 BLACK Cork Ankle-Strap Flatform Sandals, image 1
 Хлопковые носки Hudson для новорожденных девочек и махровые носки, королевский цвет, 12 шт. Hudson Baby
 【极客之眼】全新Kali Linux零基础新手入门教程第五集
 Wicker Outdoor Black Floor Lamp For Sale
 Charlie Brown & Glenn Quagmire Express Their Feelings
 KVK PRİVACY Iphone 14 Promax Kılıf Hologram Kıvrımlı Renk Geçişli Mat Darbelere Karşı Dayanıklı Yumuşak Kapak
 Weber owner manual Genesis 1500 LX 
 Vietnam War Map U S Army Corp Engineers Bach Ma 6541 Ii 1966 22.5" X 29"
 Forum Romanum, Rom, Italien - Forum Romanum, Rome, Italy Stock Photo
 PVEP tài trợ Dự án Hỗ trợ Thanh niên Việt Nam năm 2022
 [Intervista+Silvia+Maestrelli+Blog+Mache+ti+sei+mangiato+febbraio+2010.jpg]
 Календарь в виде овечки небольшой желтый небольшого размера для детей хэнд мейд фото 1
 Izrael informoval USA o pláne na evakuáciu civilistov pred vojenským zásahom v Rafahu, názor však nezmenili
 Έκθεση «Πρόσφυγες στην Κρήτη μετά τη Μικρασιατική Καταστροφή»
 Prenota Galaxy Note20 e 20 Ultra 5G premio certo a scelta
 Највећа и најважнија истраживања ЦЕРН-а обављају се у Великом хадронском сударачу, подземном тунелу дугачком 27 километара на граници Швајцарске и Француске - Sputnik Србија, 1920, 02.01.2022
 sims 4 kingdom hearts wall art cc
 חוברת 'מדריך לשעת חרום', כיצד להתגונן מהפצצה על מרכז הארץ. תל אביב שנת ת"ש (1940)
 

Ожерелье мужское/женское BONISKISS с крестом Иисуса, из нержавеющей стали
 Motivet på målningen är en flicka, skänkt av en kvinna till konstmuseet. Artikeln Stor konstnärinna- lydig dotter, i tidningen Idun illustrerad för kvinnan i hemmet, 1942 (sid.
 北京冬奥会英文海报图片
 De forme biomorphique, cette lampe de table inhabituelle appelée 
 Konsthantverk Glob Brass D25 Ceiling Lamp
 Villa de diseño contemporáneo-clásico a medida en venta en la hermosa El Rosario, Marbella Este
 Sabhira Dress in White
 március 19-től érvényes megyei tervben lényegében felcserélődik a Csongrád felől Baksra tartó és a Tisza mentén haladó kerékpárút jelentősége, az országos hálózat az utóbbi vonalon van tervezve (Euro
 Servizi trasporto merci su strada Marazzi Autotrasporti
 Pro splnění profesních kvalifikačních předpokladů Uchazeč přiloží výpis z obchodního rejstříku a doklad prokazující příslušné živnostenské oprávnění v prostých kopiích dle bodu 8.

################

TASK TO CARRY OUT >>
Give back exactly the lines above starting at the line where "Календарь в виде" appears and ending at the line where "Servizi trasporto merci" appears, both included, with no other lines.

OUTPUT FOR THIS TASK >>
 Календарь в виде овечки небольшой желтый небольшого размера для детей хэнд мейд фото 1
 Izrael informoval USA o pláne na evakuáciu civilistov pred vojenským zásahom v Rafahu, názor však nezmenili
 Έκθεση «Πρόσφυγες στην Κρήτη μετά τη Μικρασιατική Καταστροφή»
 Prenota Galaxy Note20 e 20 Ultra 5G premio certo a scelta
 Највећа и најважнија истраживања ЦЕРН-а обављају се у Великом хадронском сударачу, подземном тунелу дугачком 27 километара на граници Швајцарске и Француске - Sputnik Србија, 1920, 02.01.2022
 sims 4 kingdom hearts wall art cc
 חוברת 'מדריך לשעת חרום', כיצד להתגונן מהפצצה על מרכז הארץ. תל אביב שנת ת"ש (1940)
 

Ожерелье мужское/женское BONISKISS с крестом Иисуса, из нержавеющей стали
 Motivet på målningen är en flicka, skänkt av en kvinna till konstmuseet. Artikeln Stor konstnärinna- lydig dotter, i tidningen Idun illustrerad för kvinnan i hemmet, 1942 (sid.
 北京冬奥会英文海报图片
 De forme biomorphique, cette lampe de table inhabituelle appelée 
 Konsthantverk Glob Brass D25 Ceiling Lamp
 Villa de diseño contemporáneo-clásico a medida en venta en la hermosa El Rosario, Marbella Este
 Sabhira Dress in White
 március 19-től érvényes megyei tervben lényegében felcserélődik a Csongrád felől Baksra tartó és a Tisza mentén haladó kerékpárút jelentősége, az országos hálózat az utóbbi vonalon van tervezve (Euro
 Servizi trasporto merci su strada Marazzi Autotrasporti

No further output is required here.